За кованой чугунной оградой большая толпа. Сотни людей.

На скрип шин все резко оборачиваются, глядят на Мону.

Она тоже смотрит и видит, что все они в черном или хотя бы в темно-сером, а некоторые женщины закрыли лица вуалями.

Мона понимает, что за кованой оградой кладбище. А толпа окружает лакированный гроб, зависший над открытой могилой.

Винк не покинут – все собрались на похороны, которые прервала Мона на рокочущей мощной машине со скрипучими покрышками.

– Ах ты, черт, – бормочет она.

Посидев в растерянности, она неуверенно машет рукой. Большинство словно не замечает. Но один мальчуган лет семи улыбается и машет в ответ.

Пожилой человек в черном костюме говорит что-то стоящей рядом женщине и подходит к ограде. Когда Мона опускает окно с пассажирской стороны, он спрашивает:

– Я могу вам помочь?

Мона откашливается.

– Я… Здесь есть мотель?

Мужчина отвечает пустым взглядом.
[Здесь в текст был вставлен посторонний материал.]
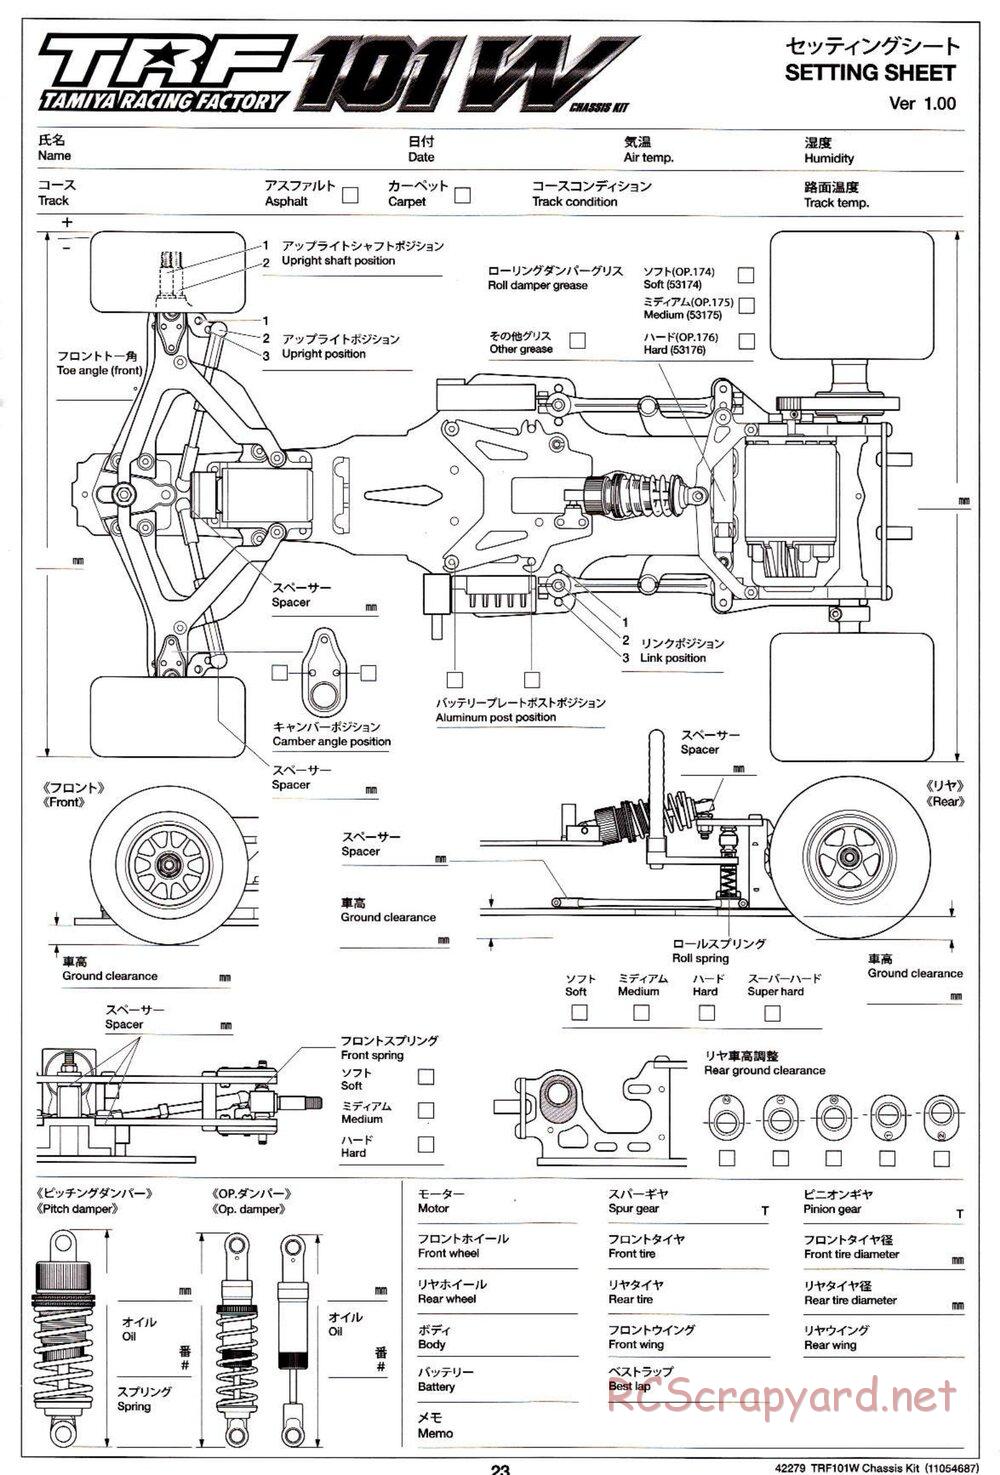 Tamiya - TRF101W Chassis Chassis - Manual - Page 23

Но Мона не чувствует в нем ни удивления, ни упрека: кажется, его лицо не способно принимать другого выражения. Потом, не сводя с нее взгляда, мужчина поднимает руку и указывает вперед по улице.

– По левой стороне, – медленно, но отчетливо произносит он.

– Спасибо, – благодарит Мона. – Право, мне очень жаль, что помешала.

Мужчина не отвечает. Пару секунд он стоит как каменный. Затем опускает руку. Толпа все смотрит на Мону.

– Извините, – снова говорит та. – Мне действительно жаль.

Она поднимает окно и отъезжает, но, взглянув в зеркало заднего вида, видит, что все смотрят ей вслед.

Может, и есть способы больше испортить первое впечатление, но сейчас они не приходят ей в голову. С одних неловких, несчастных похорон Мона попала на другие. Она гадает, что они все подумают, услышав, что она унаследовала здесь дом.

С еще не остывшими, красными щеками она подъезжает к мотелю – низкому, длинному, темному зданию на краю города. Оранжевая неоновая вывеска гласит: «Земли желтой сосны», а ниже, красными буквами поменьше: «Свободные номера». Дом немного похож на избу: стены сложены из толстых сосновых бревен – или декорированы под них. Все окна темные, кроме офисного.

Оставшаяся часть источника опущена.